If you haven’t read Robert Boswell’s, THE HALF-KNOWN WORLD, do yourself a favor a go pick it up right now.

No really. Go!

Got it? Great. Now we can have a real discussion.

One of my favorite lines in Boswell’s story is this: “By refusing to fully know the world, I hope to discover unusual formations in the landscape, and strange desires in the characters.”

Invariably, our stories are shaped by our lives. There is no way around that because our perceptions of the real world affect the way we build our fictitious ones. BUT, as writers we need to be careful about limiting our character growth by attaching too much real world value to who they are. The same goes for story and dialogue.
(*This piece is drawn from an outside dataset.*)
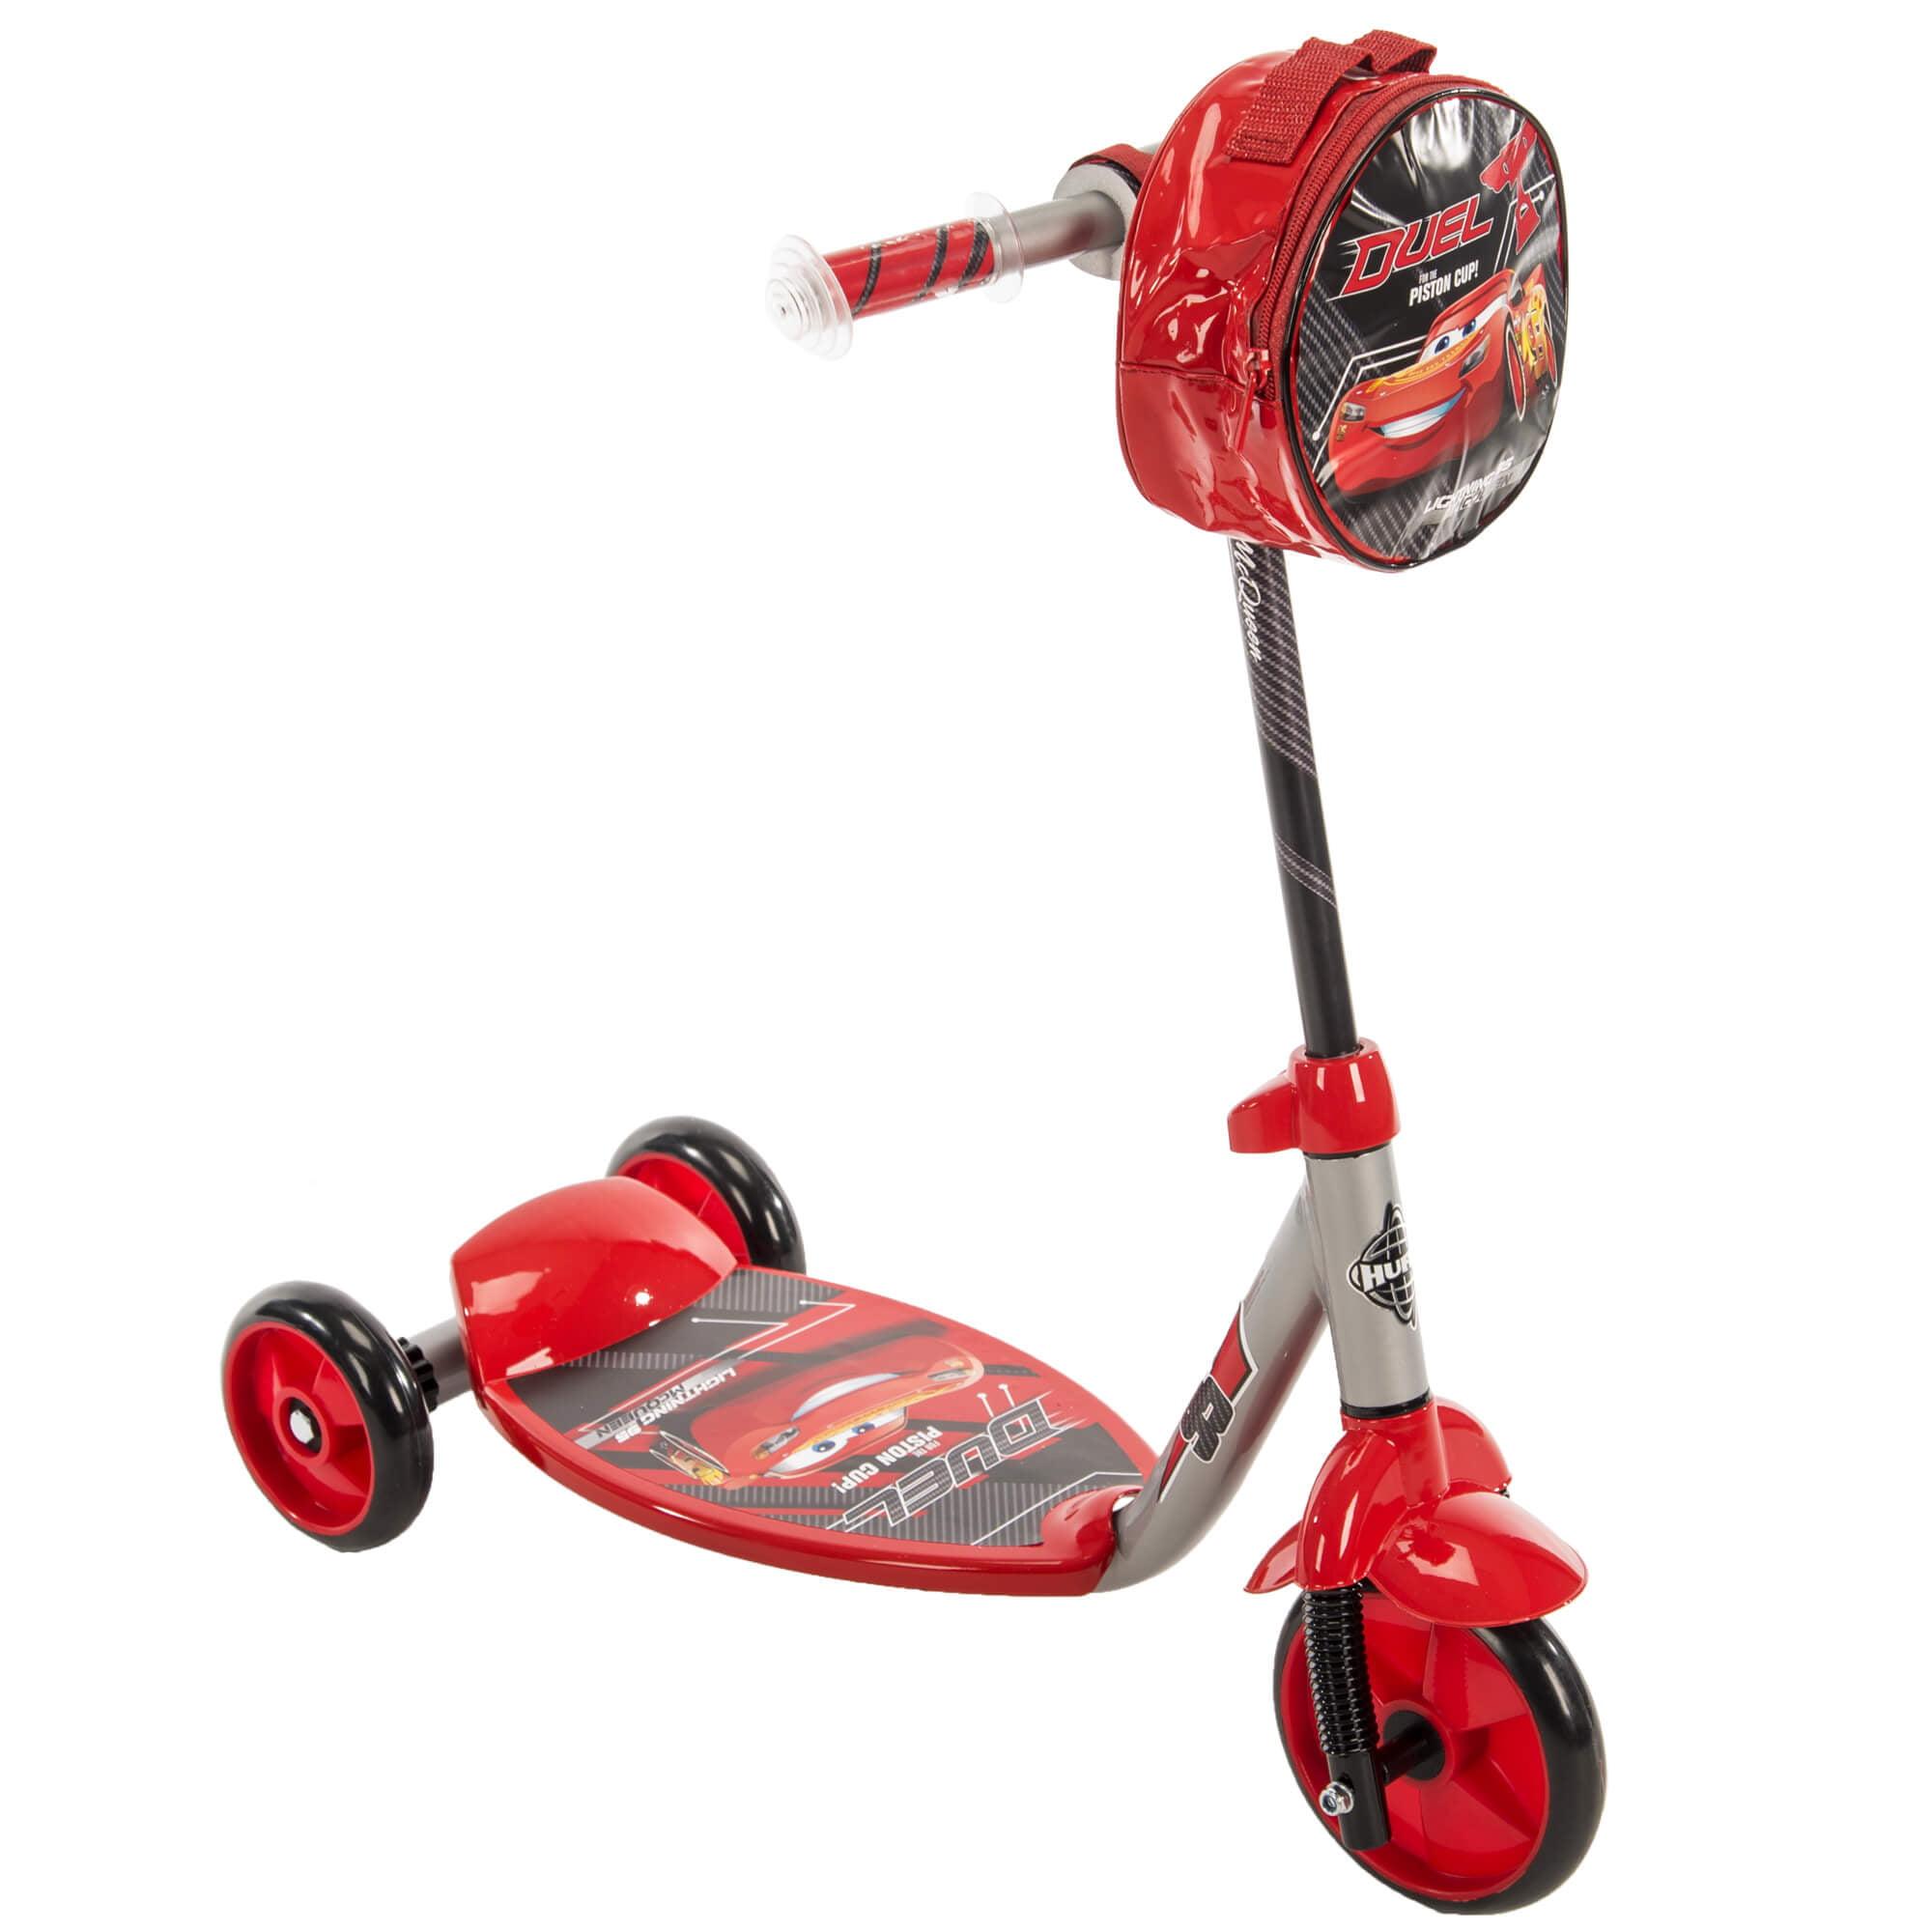 Disney Pixar Cars Lightning McQueen 3-Wheel Preschool Scooter, by huffy by Huffy

Characters are to a writer, what children are to their parents. They are born of us, guided by us, and when they come of age we are required to let them go. Giving characters the freedom to be wrong, is half of what makes them intricate, fascinating, true-to-life, people that readers connect to, engage with, and ultimately come to love.

For me, one of the most challenging aspects of writing involves the creation of character flaws. As a perfect human being myself, it’s hard for me to relate to people who don’t have lots of money, super white teeth, perfect hair, and a job so fun that it makes Disneyland look like Alcatraz (when it was still functioning). I kid, I kid, but in all honesty, who wants to get into the mind of  a narcissistic, self-righteous, schizophrenic billionaire who half the time runs Google and the other half of the time murders people out of impulse, and then have to stick by him for six or seven years while his story unfolds? Not me. However; I’d be lying if I said I didn’t want to read that story. Faults in our characters bring them life, they take two-dimensional ideas and formulate three-dimensional quirky people. Anthony C. Lanni wrote a post recently on how to create engaging characters so check it out if you need more ideas.

As for plot, I can’t tell you the number of times an editor has said to me (and I have said to others), “This doesn’t seem real,” only to be given the response, “But it happened to me!”

Sigh. There is no easy way to say this, except, “It doesn’t matter.” Coincidences work in real life, but they fall flat in fiction. Just because something really happened to you in real life, does not mean that it gets to happen in your story (unless you’re writing a memoir, in which case, I apologize for the terrible things that have occurred in your life.)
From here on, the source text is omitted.